6 Eerie Ways That Radiohead Predicted the Future



Radiohead has long served as rock's modern heroes. Arcade Fire thinks so. Coldplay thinks so. Even Kanye has stepped down from his throne and acknowledged the band's influence. But at the core of Radiohead's music, there's always been a larger and more prophetic message than most musicians ever muster. Theirs is socially conscious art that speaks to the ills of society. 1997's OK Computer was about technological alienation; 2003's Hail to the Thief centered on political reform; 2011's The King of Limbs was all about environmental concerns.

They're the seers of the rock world. The response to Kid A, Pitchfork's best record of the 2000s, was especially keen on this point.

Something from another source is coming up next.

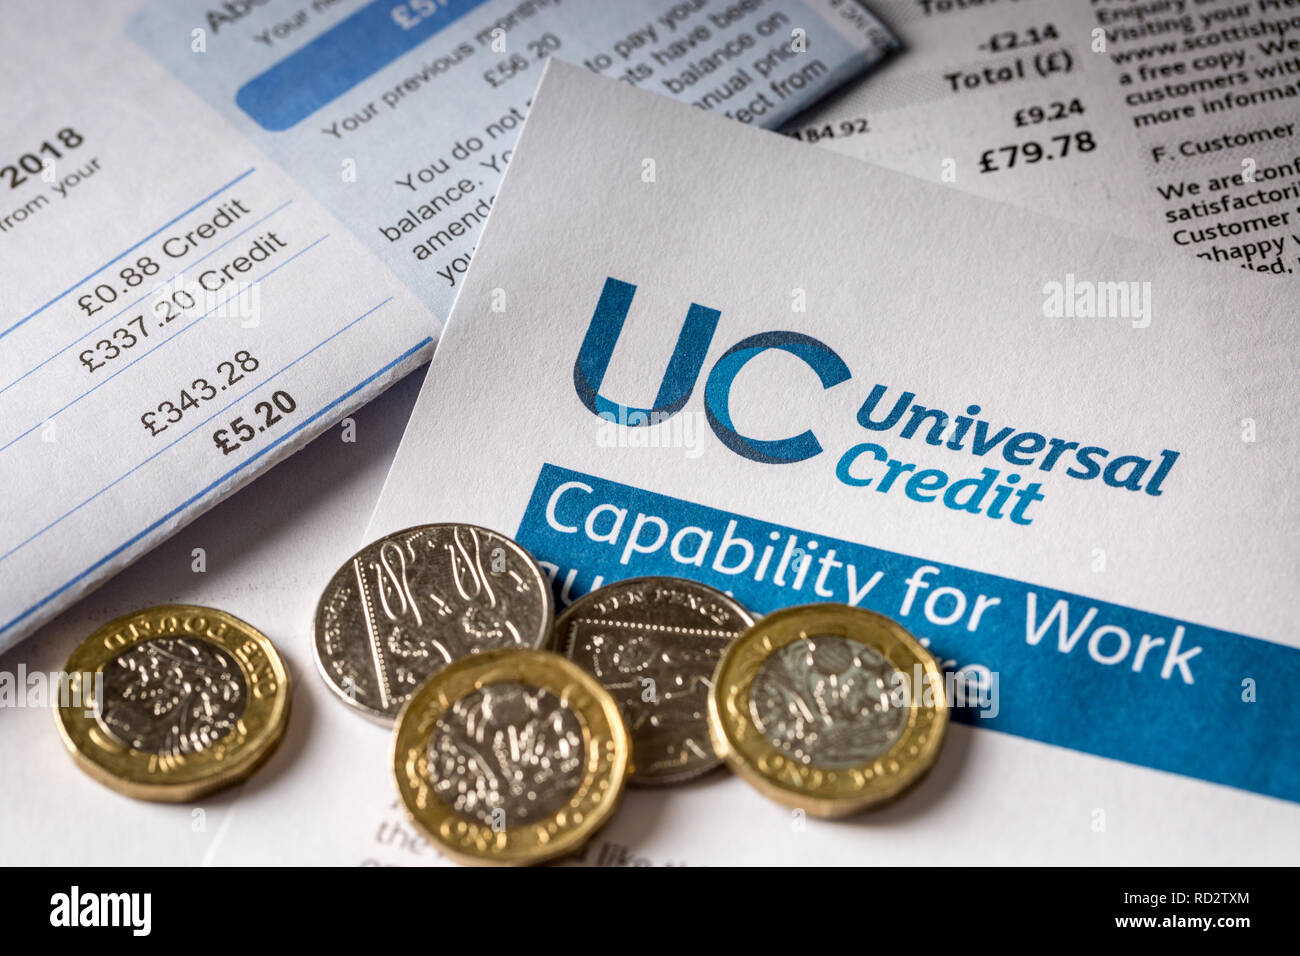 UK Universal Kredit Form mit einem Stapel unbezahlter Rechnungen Stockfoto

Released in 2000, the album was later noted by music critic Chuck Klosterman as a bizarrely accurate prediction of the Sept. 11 attacks. Pigeons & Planes wrote a tongue-in-cheek piece about other things Radiohead predicted, but there's actually some legitimacy to Radiohead's visionary status. They may not see the future, but they see more clearly than anyone else how the present is shaping up — which is itself a sort of foretelling.

"People sometimes say we take things too seriously, but it's the only way you'll get anywhere," frontman Thom Yorke said in an early interview, back in 1991. "We're not going to sit around and wait and just be happy if something turns up. We are ambitious. You have to be."

More than two decades later, those ambitions have cemented the band as one of rock's most prescient acts. Here are six songs where Radiohead saw the present and the future more clearly than any of us.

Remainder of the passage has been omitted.